Recent Financing Activities
In
May and June 2008, we issued convertible promissory notes in an aggregate
amount of $1,135,000. The notes bore interest at 6% per annum and are repayable
on or before October 31, 2008. The notes and related accrued interest were
convertible into shares of our common stock at $1.00 per share at the option of
the holder. The convertible promissory notes were issued together with warrants
with an exercise price of $1.05 per share, exercisable for three years.
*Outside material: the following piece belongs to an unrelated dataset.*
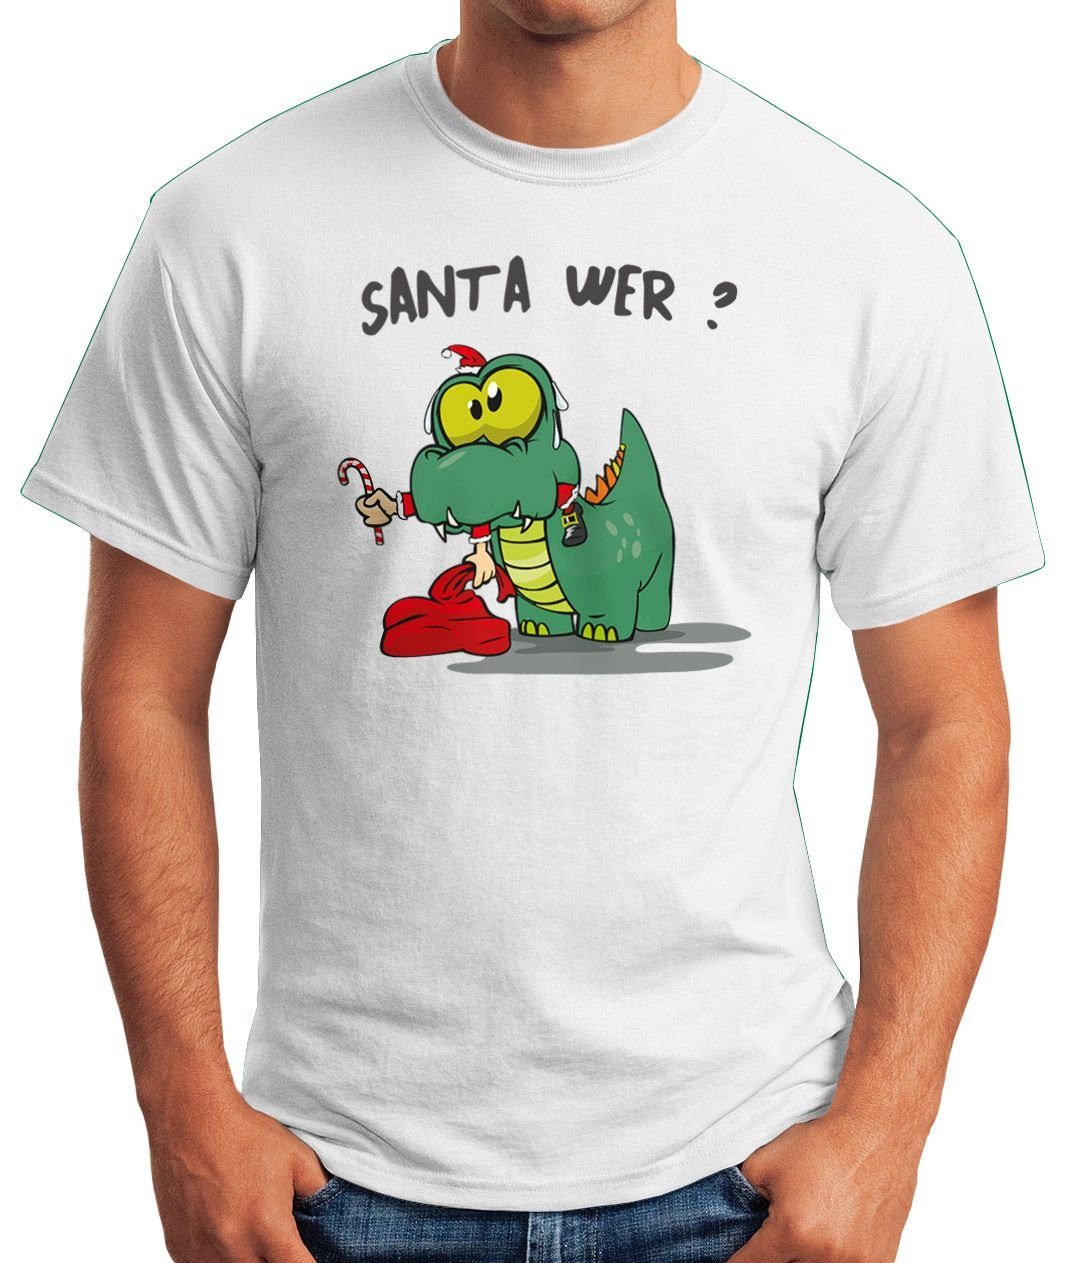 MoonWorks Print-Shirt Herren Santa Spruch Santa Wer? Fun T-Shirt Moonworks® Print Dinosaurier Weihnachtsmann frisst mit Claus Motiv Fun-Shirt

Terms
of the convertible notes and warrants provide that the conversion price of the
notes and the exercise price of the warrant will be reduced in the event of
subsequent financings at an effective price per share less than the conversion
or exercise price, subject to certain exceptions. In September 2008, the
conversion price of certain of the convertible notes in an aggregate principal
amount of $235,000 was reduced from $1.00 to $0.50. In addition, the conversion
price of certain of the warrants to purchase an aggregate of 235,000 shares of
common stock was reduced from $1.05 to $0.50. In December 2008, $900,000 of the
convertible notes were converted into common stock at $1.00 per share. The
remaining $235,000 convertible notes are currently in default.
In
February, March and May 2008, we raised net proceeds of approximately $380,000
through the issuance of 304,000 units at $1.25 per unit, each unit comprised of
one share of common stock and one three-year warrant to purchase one share of
common stock at an exercise price of $2.00 per share. In addition, in October
2008, we issued 120,000 shares of our common stock to a consultant in
connection with the offering.
Going Concern
In
our Annual Report on Form 10-K for the year ended December 31, 2008, our
independent auditors included an explanatory paragraph in its report relating
to our consolidated financial statements for the years ended December 31, 2008 and
2007, which states that we have incurred negative cash flows from operations
since inceptions and have a substantial accumulated deficit. These conditions
give rise to substantial doubt about our ability to continue as a going
concern. Our ability to expand operations and generate additional revenue and
our ability to obtain additional funding will determine our ability to continue
as a going concern. Our condensed consolidated financial statements do not
include any adjustments that might result from the outcome of this uncertainty.
Summary
We
are dependent on existing cash resources and external sources of financing to
meet our working capital needs. Current sources of liquidity are insufficient
to provide for budgeted and anticipated working capital requirements. We will
therefore be required to seek additional financing to satisfy our working
capital requirements. No assurances can be given that such capital will be
available to us on acceptable terms, if at all. In addition to equity financing
and strategic investments, we may seek additional related party loans. If we
are unable to obtain any such additional financing or if such financing cannot
be obtained on terms acceptable to us, we may be required to delay or scale
back our operations, including the development of our online game, which would
adversely affect our ability to generate future revenues and may force us to
curtail or cease our operating activities.
To
attain profitable operations, managements plan is to execute its strategy of
(i) increasing the number of tournaments; (ii) leveraging the existing
tournament to generate ancillary revenue streams via Internet TV or other
venues; (iii) continuing the ongoing development of the online game; and (iv)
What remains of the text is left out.